Gewinnen Sie Pfunde festen Fleisches!

Mutter und Tochter gamern einander an, lassen ihr Schildkrötendeutsch langsam und eintönig (:Teigpatzen) fallen. Die Tochter zieht ihr Kleinkind an die behaarten Fettwaden. In ihrem Erdbeerpullover schwappt schwer das ungeteilte Brüstepaar hinunter, ein langer quergestellter Kürbis. Hinterm Ohr schlägt der Speck Wellen bis zum Halsansatz: die dicke Haut faltet sich wie die magere der Schildkröte.

Bordereignisse 10.

Lösen von Kreuzworträtseln. In-der-HandHalten von Prospekten und Zeitungen. Benutzen von Kopftüchern und Jäckchen als Versatzstücke. Essen, Handarbeiten, Kinderschimpfen, Knipsen, Schlendern. Streiten, Ins-Wasser-Schauen, Knutschen, Sonnen, Schlafen.

Bordereignisse 11.

Debile katastrophengenäschige Frauen verlangen Bewährung der jungen Männer im Grenzschutz.

Bordereignisse 12.

Ein Pensionist erzählt einem anderen den folgenden Witz:

WissenS, da sagt ein Bursch zu sein Madl: Meine Wünsche kann ich dir auf der Landkarte zeigen. Ah, sagt das Madl, mit mir in ferne Länder? Sagt der Bursch: nein, mehr Busen.

(Verlegenheitspause.)

WissenS, Meerbusen hat er gemeint, weil einen Meerbusen findet er auf jeder Landkarte, und das Madl hat ihm zu wenig Busen. Mehr Busen, wollt er ihr damit sagen, hahaha.

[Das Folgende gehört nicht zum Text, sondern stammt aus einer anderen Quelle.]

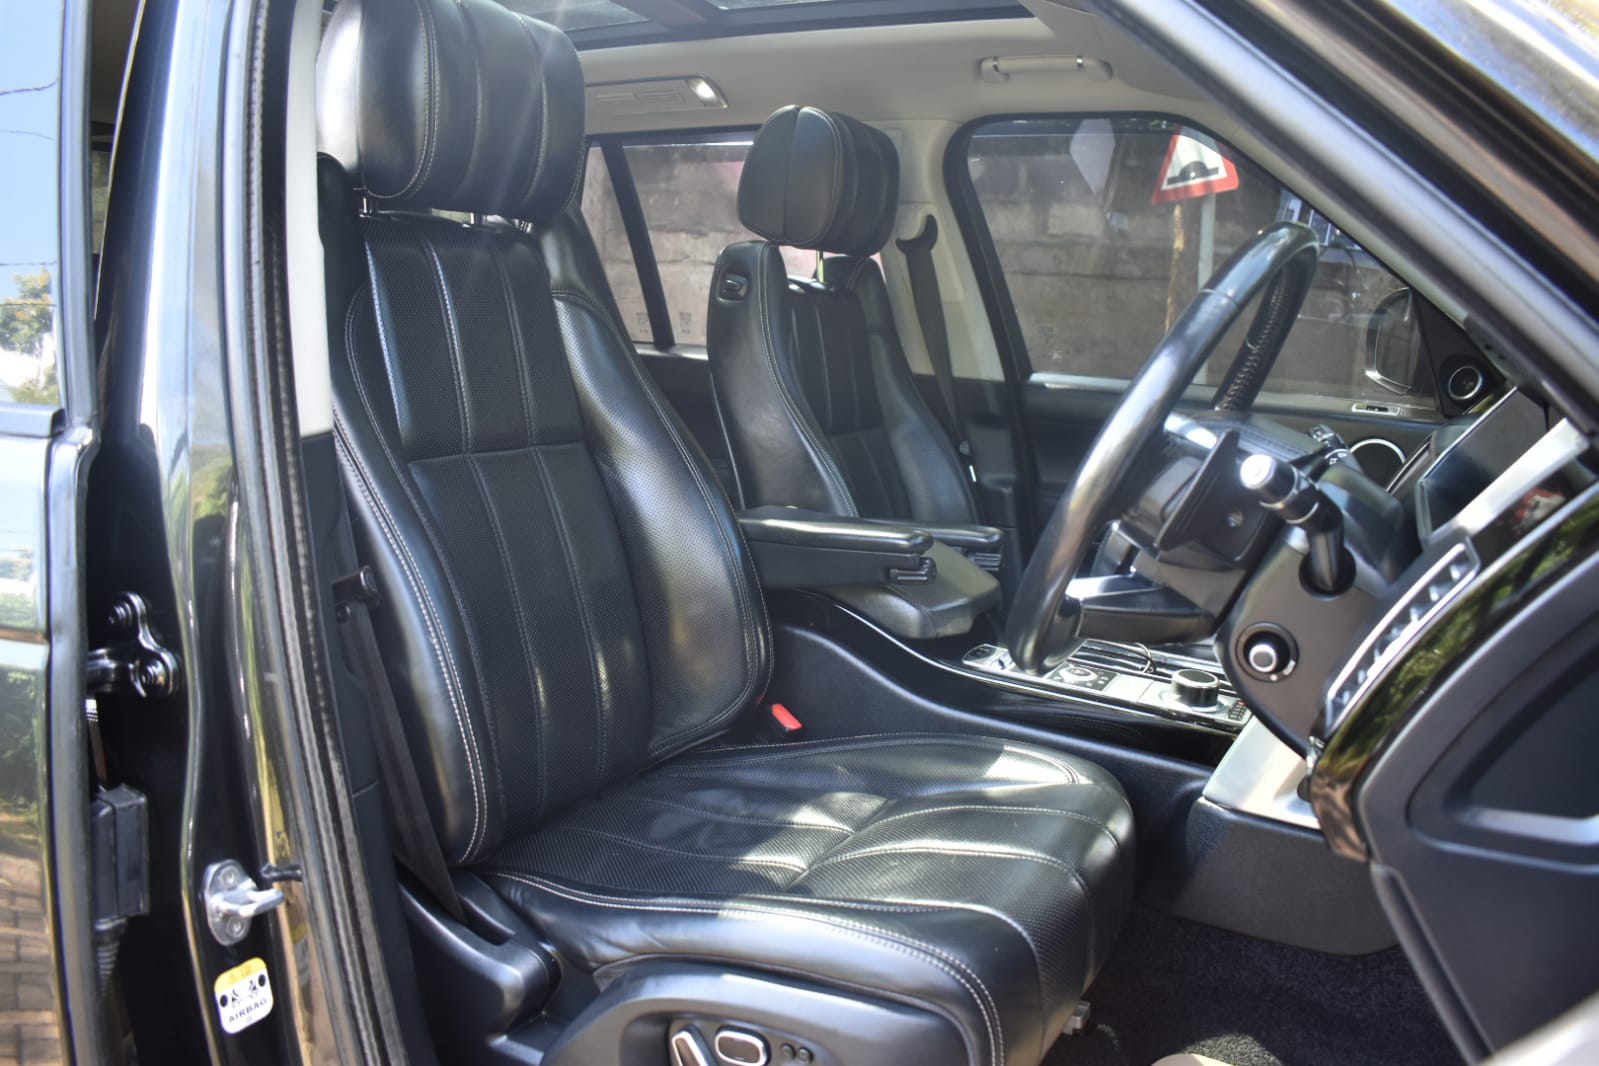 RANGE ROVER VOGUE SDV8 4.4 SUNROOF You Pay 40% DEPOSIT TRADE IN OK For sale in kenya exclusive

WissenS, sagt der andere Pensionist, diese neumodischen Witz sind nicht mehr das, was wir einmal gewöhnt waren.

Den hab ich von mein Sohn, wissenS? Er is in der Landesregierung tätig.

Na also! Hab ich mir ja gleich denkt.

Bordereignisse 13.

Kinderaufsicht.

Bordereignisse 14.

Die Stunde Kodak. Kinder photographieren ihre Mütter. Mütter photographieren ihre Kinder. Ein Schmunzelphotograph knipst seinen Sohn. Eine Mutter photographiert ihre vier Mädchen; die machen Bosheiten, damit ein Herr babble: dddi heu ttti kkke juuu genttt ... Ein Berufsphotograph, mit starken Brillen und großen seitoffenen Nasenlöchern, grob spottendem Kinn, rostkariertem Sakko, photographiert gar nichts. Eine einsame Kamera photographiert sich selbst.